The conclusions that emerge from this study are: (1) the KCC rates strongly correlate with the absolute estimates of KS, probably as a passive response to differences in evolutionary rates; (2) the ratio KCC/KS (per year) ≈ 1 in large genomes suggests a nearly neutral evolution of the size of the coding genome where the increased generation time is “compensated” by an increase in the rate of effectively neutral mutations; (3i) the GTE (predicted by the neutral theory of evolution) reveals itself in small genomes by the KCC/KS (per year) ≠ 1 because in these same organisms, the ratio KCC/KS (per generation) ≈ 1; and (4) the time scale of evolution of absolute size of the protein-coding genome is keyed to the mutation rate (KS) across taxa. We emphasize that these conclusions are the first approximations being based on crude estimates of KCC and KS. They are valid only to the extent that KCC is considered as realistically reflecting the evolution of n. Also, the KCC estimation assumes the uniform substitution rate among sites whereby the sites particularly important for the evolution of protein-coding genome size may be misrepresented. This problem is, of course, more significant for very small genomes.

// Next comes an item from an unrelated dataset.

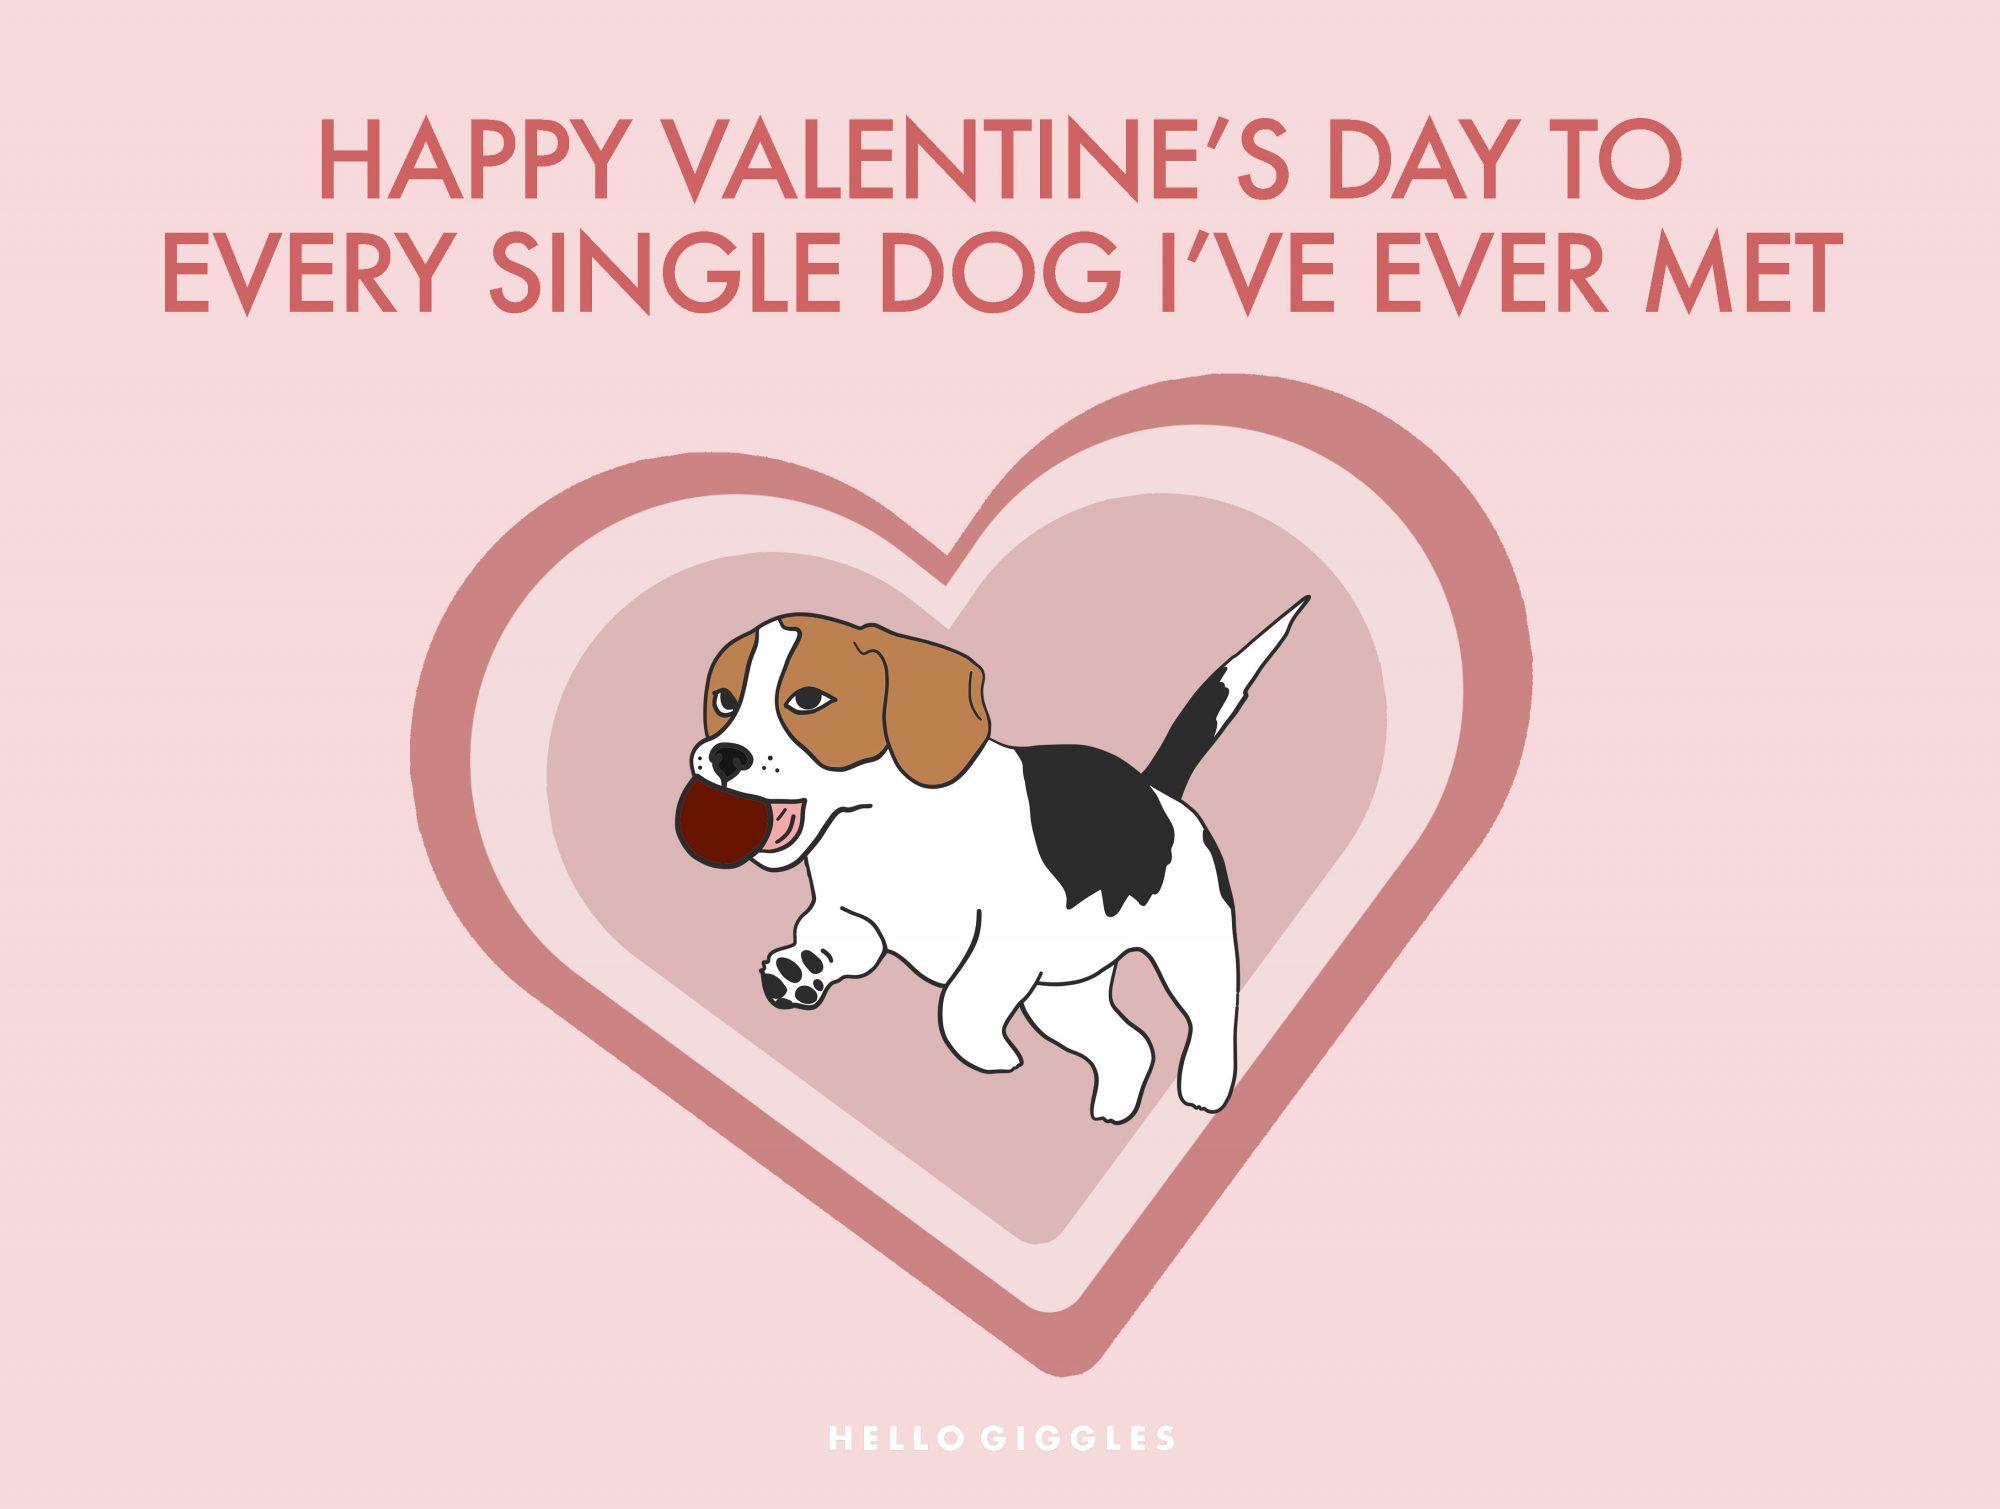 dogpostcard.jpg

The notion of the broad-scale relationship between KCC and KS is unlikely as straightforward as the present demonstrative study might make it seem. The CC–KS test should be extended, and modified, for within-species and between-species studies on a larger sample size. A possibility should be mentioned that there might be an increased efficacy and/or strength of selection on short genome sizes with a stronger relative impact of mutation per site per single replication on the size phenotype of short coding genomes. On the other hand, the KS (per year) estimate is closer to KCC for large coding genomes, possibly because they sustain relatively less impact of selection on coding genome size per single coding site simply due to their large genome size. Obviously, there is ample room for circularity in interpreting KCC/KS ratios reflecting subtle complexity at the population, whole genome, and genic level, which influences the KCC/KS ratio. Putative effects of selection on n suggested by the KCC/KS ratio cannot be meaningfully summarized in a marginal fashion or with respect to a single variable. Future modifications of the KCCKS test may be effective in compensating for any lack of realism present in the current simple model. They may provide a window on the GTE/population size effect on n and may uncover a possible effect of variation in content of coding DNA on molecular evolution.